Supplied material:
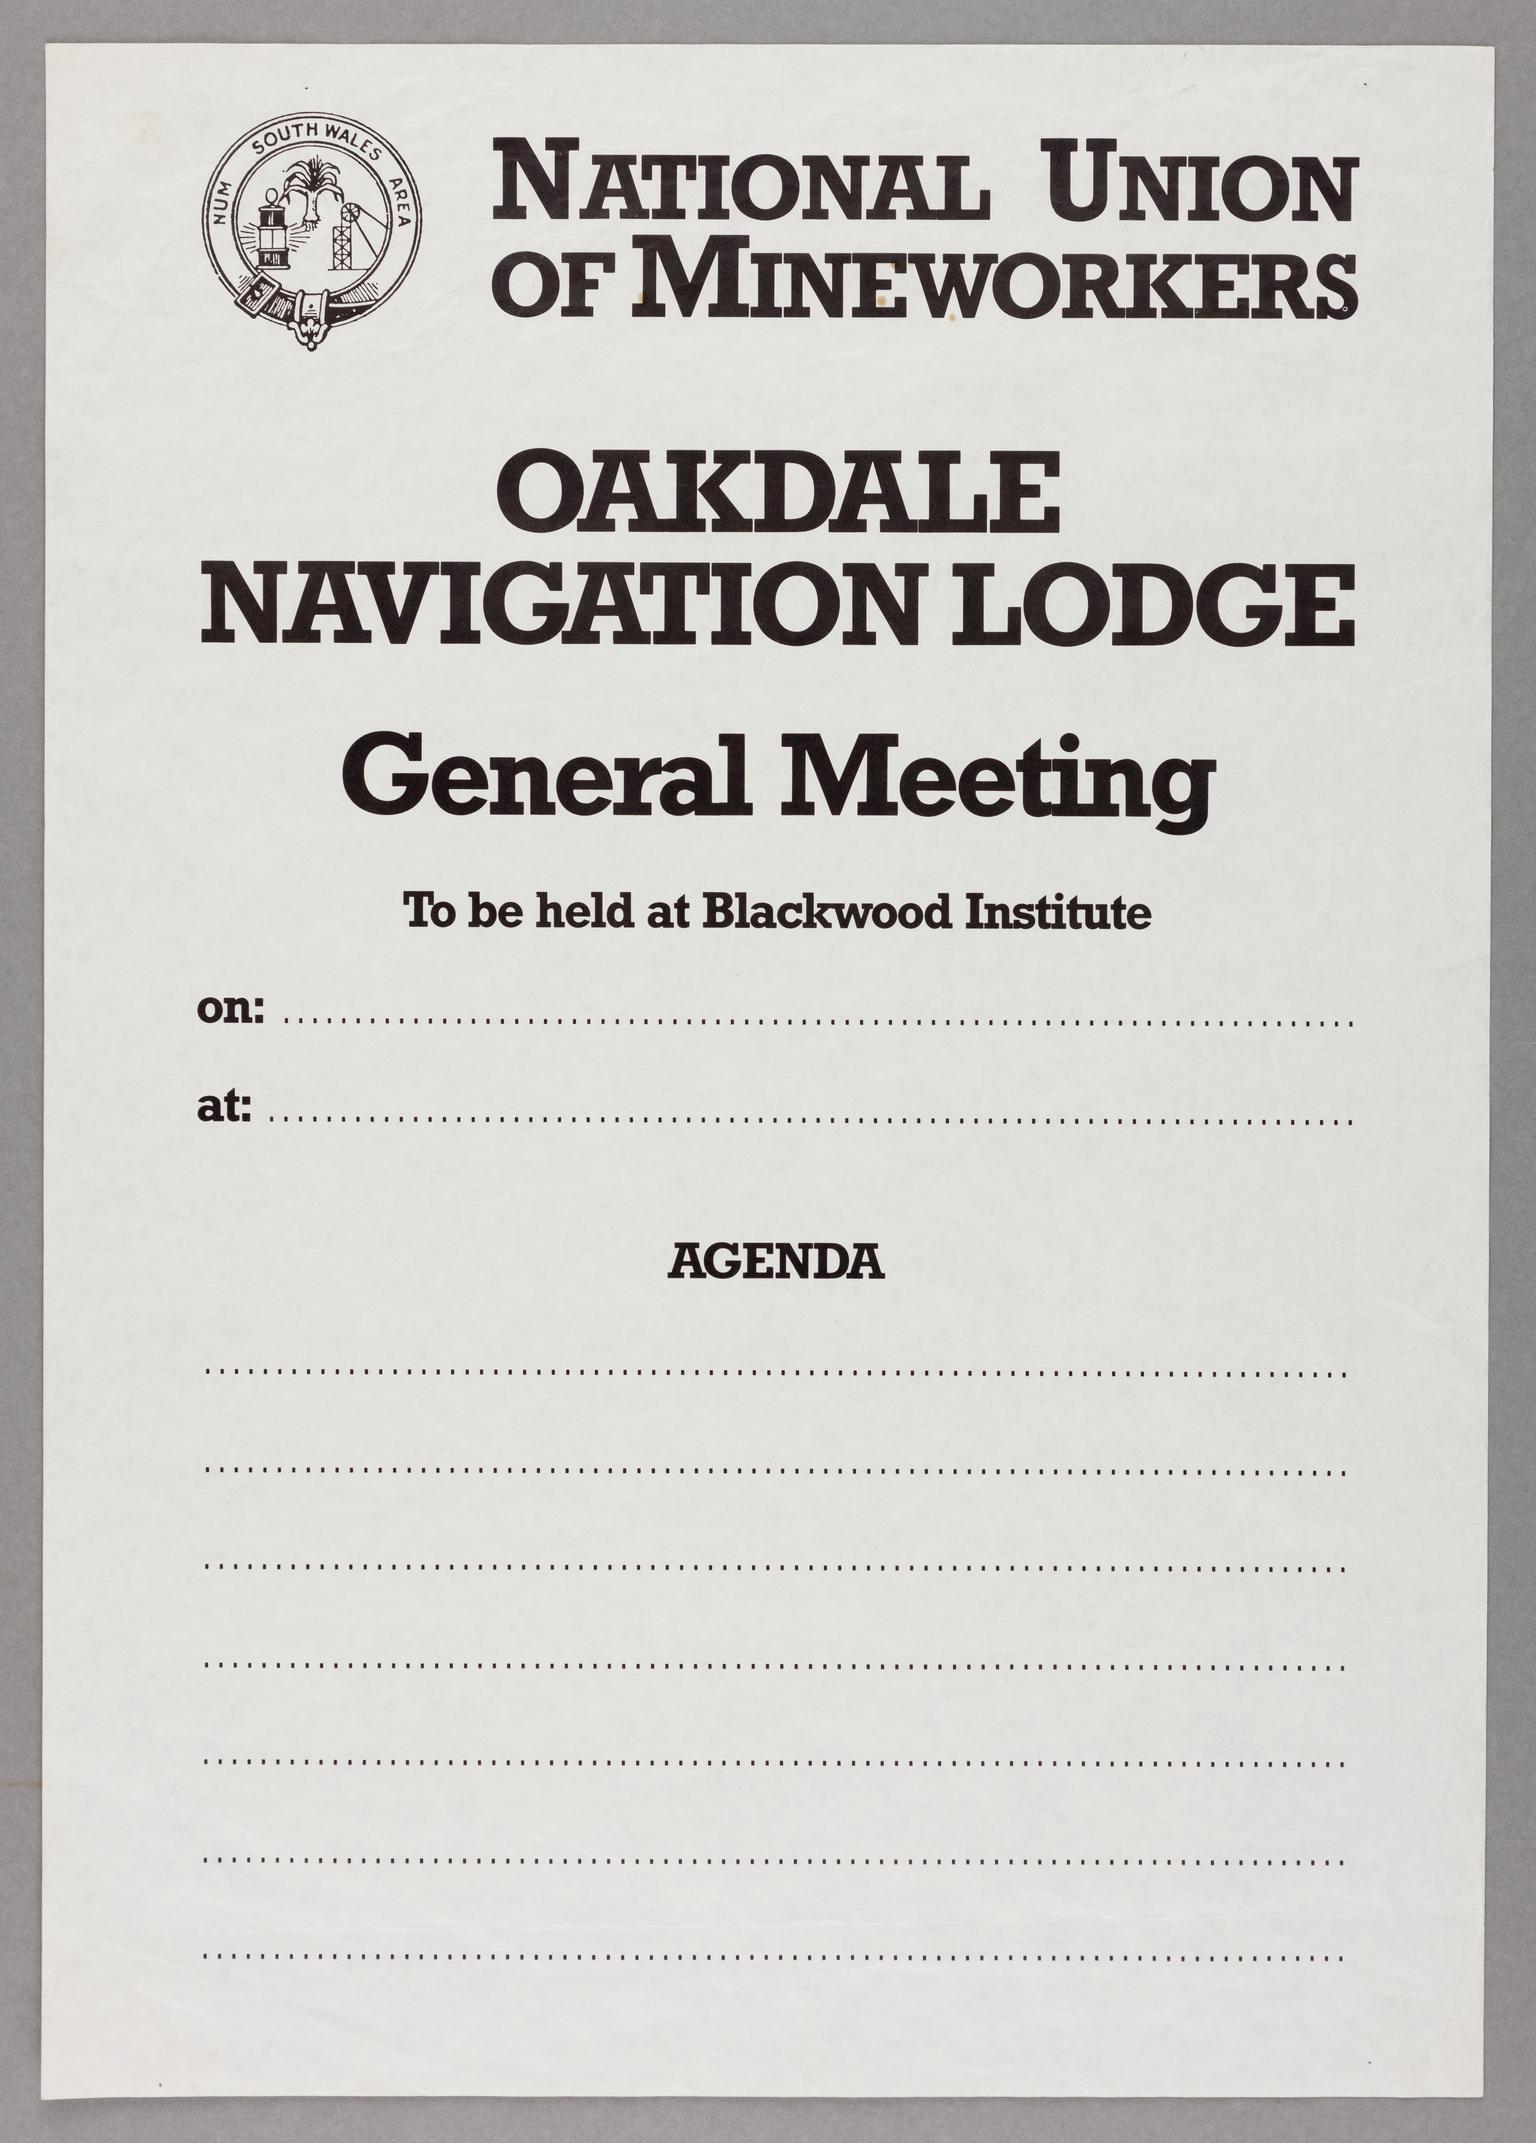 N.U.M. Oakdale Navigation Lodge, poster
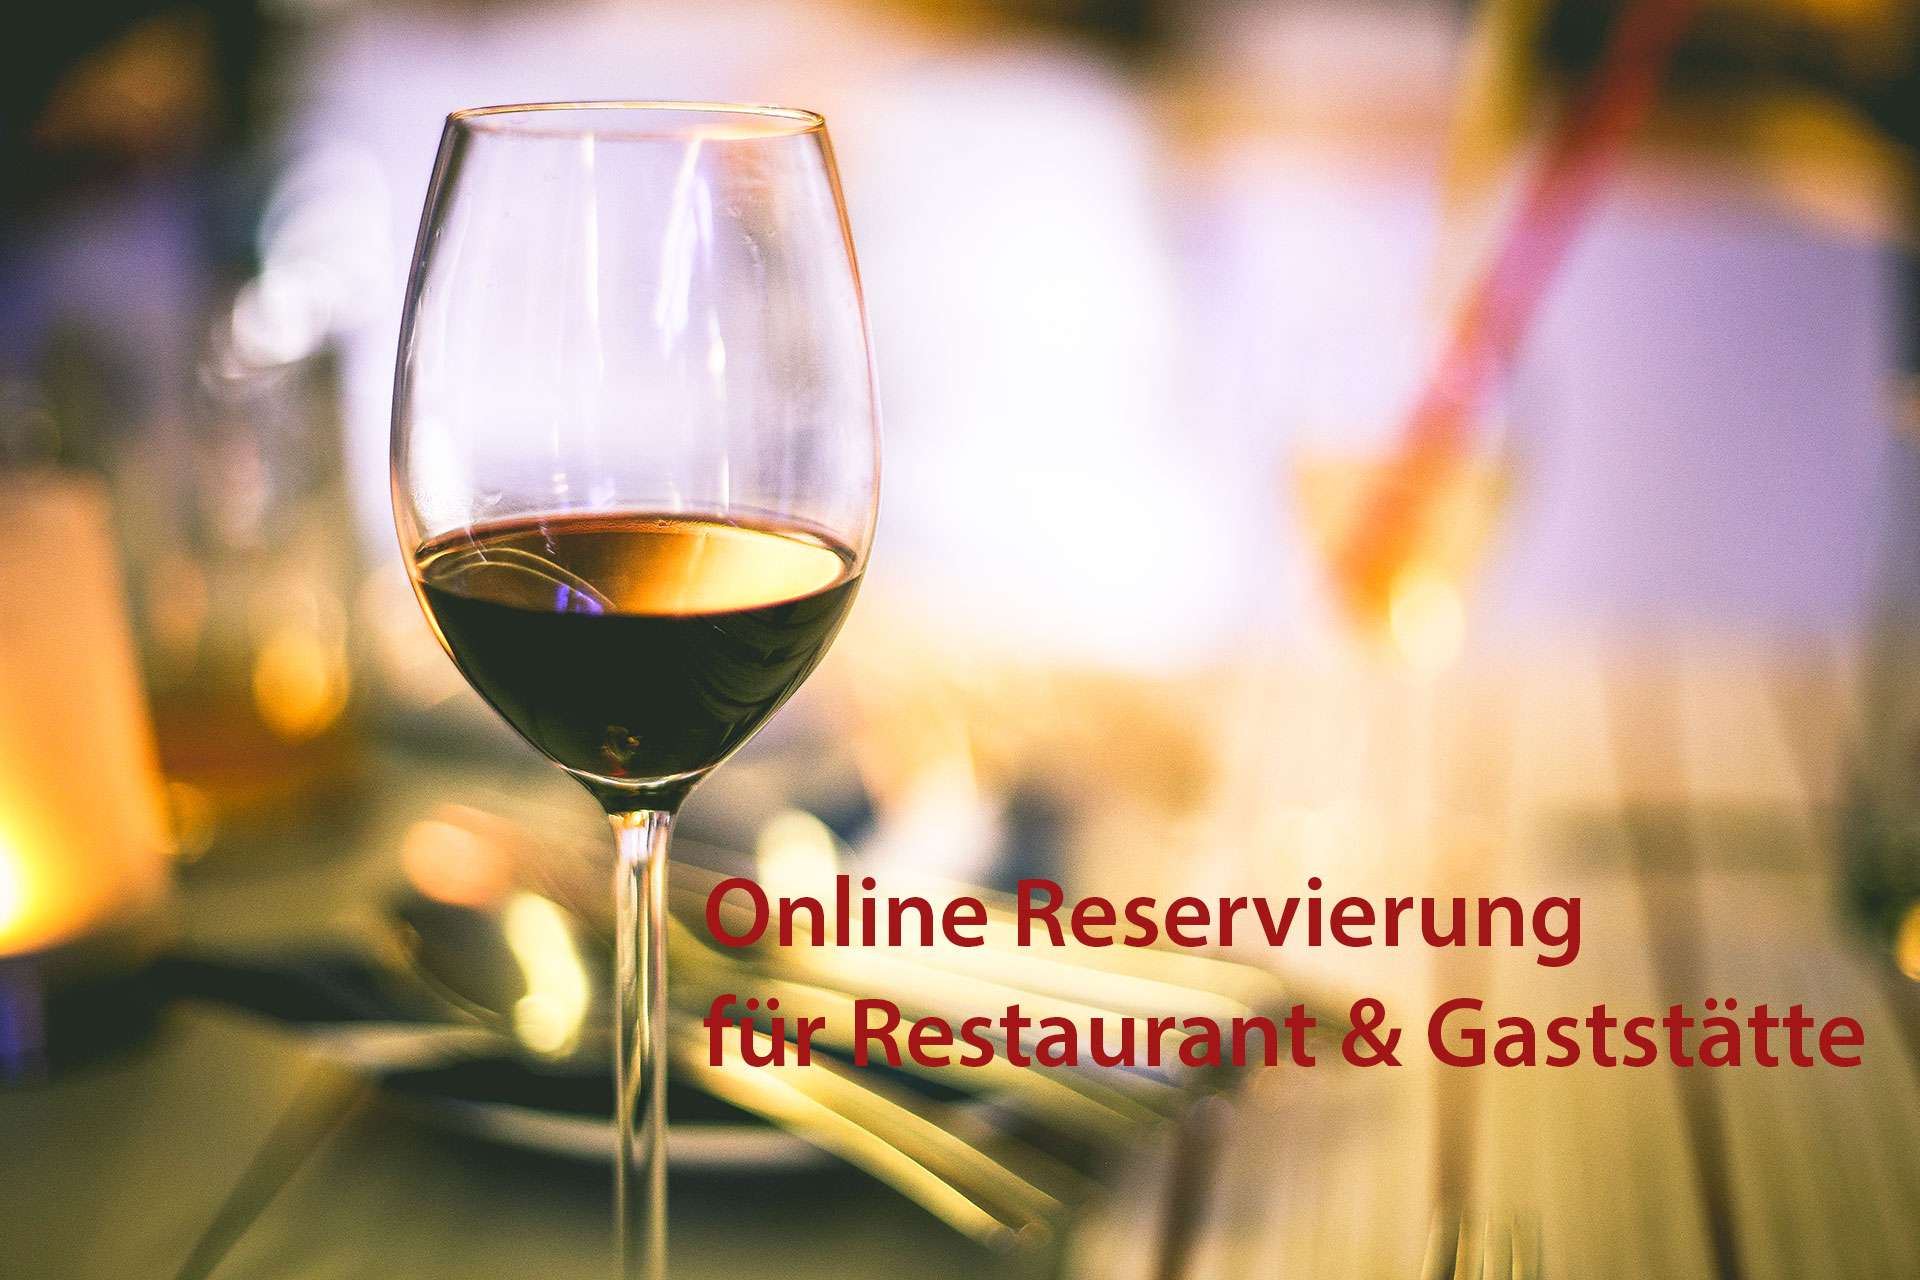 Online Reservierung für Restaurant und Gaststätte
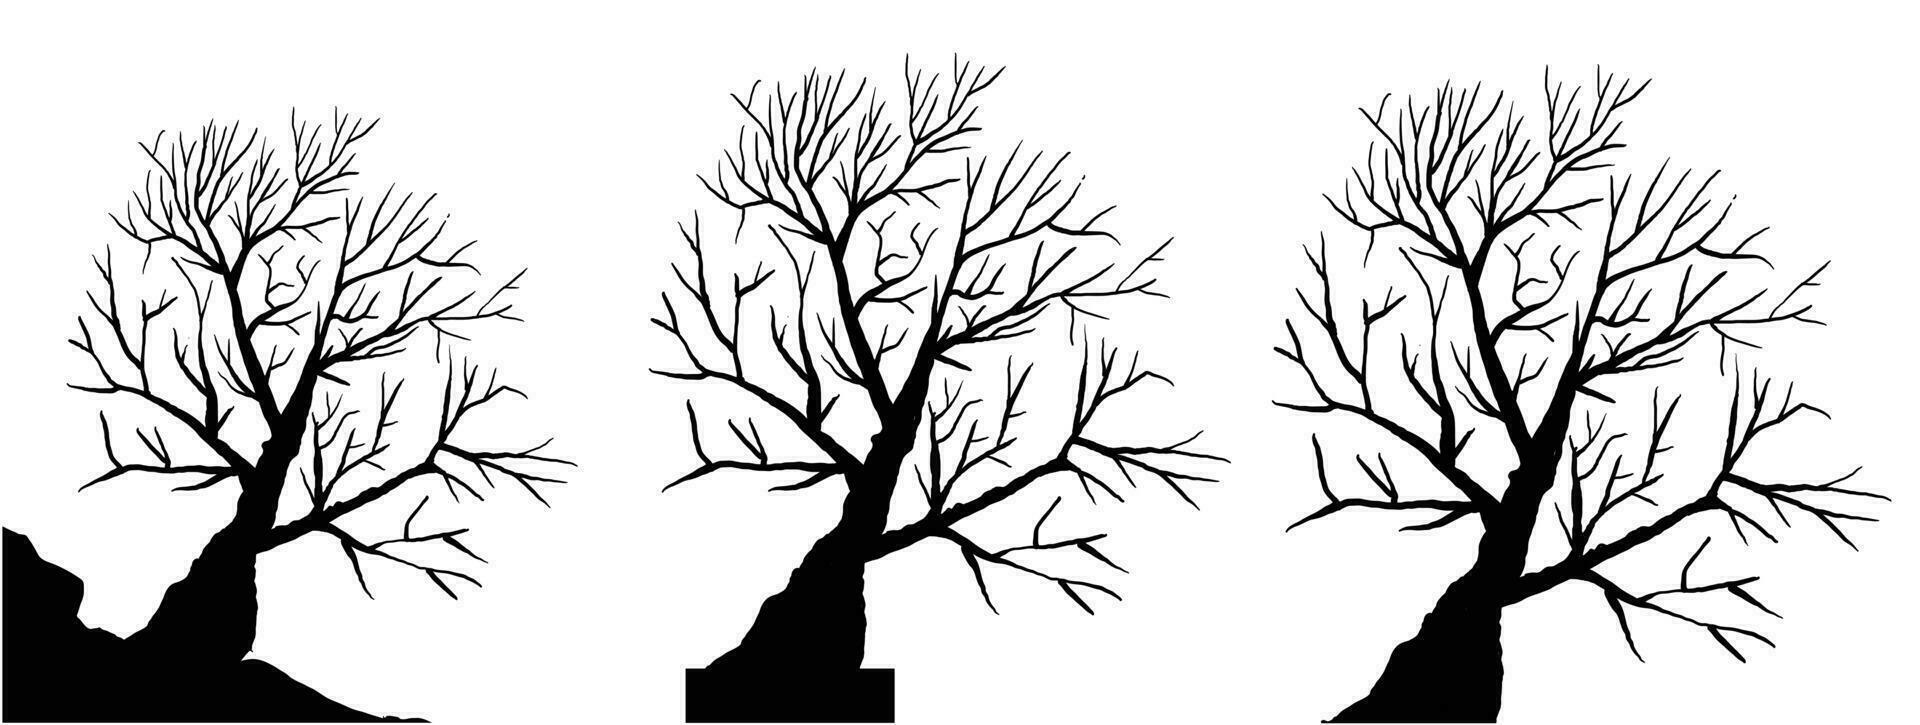 silueta de muerto árbol vector ilustración. silueta de arboles y ramas sin hojas. desnudo árbol silueta. negro rama árbol vector. silueta de un desnudo árbol.

Problem statement:
Copy the material exactly. Do not include the pictures.

Solution for this problem:
 N.U.M. Oakdale Navigation Lodge, poster
 Online Reservierung für Restaurant und Gaststätte
 silueta de muerto árbol vector ilustración. silueta de arboles y ramas sin hojas. desnudo árbol silueta. negro rama árbol vector. silueta de un desnudo árbol.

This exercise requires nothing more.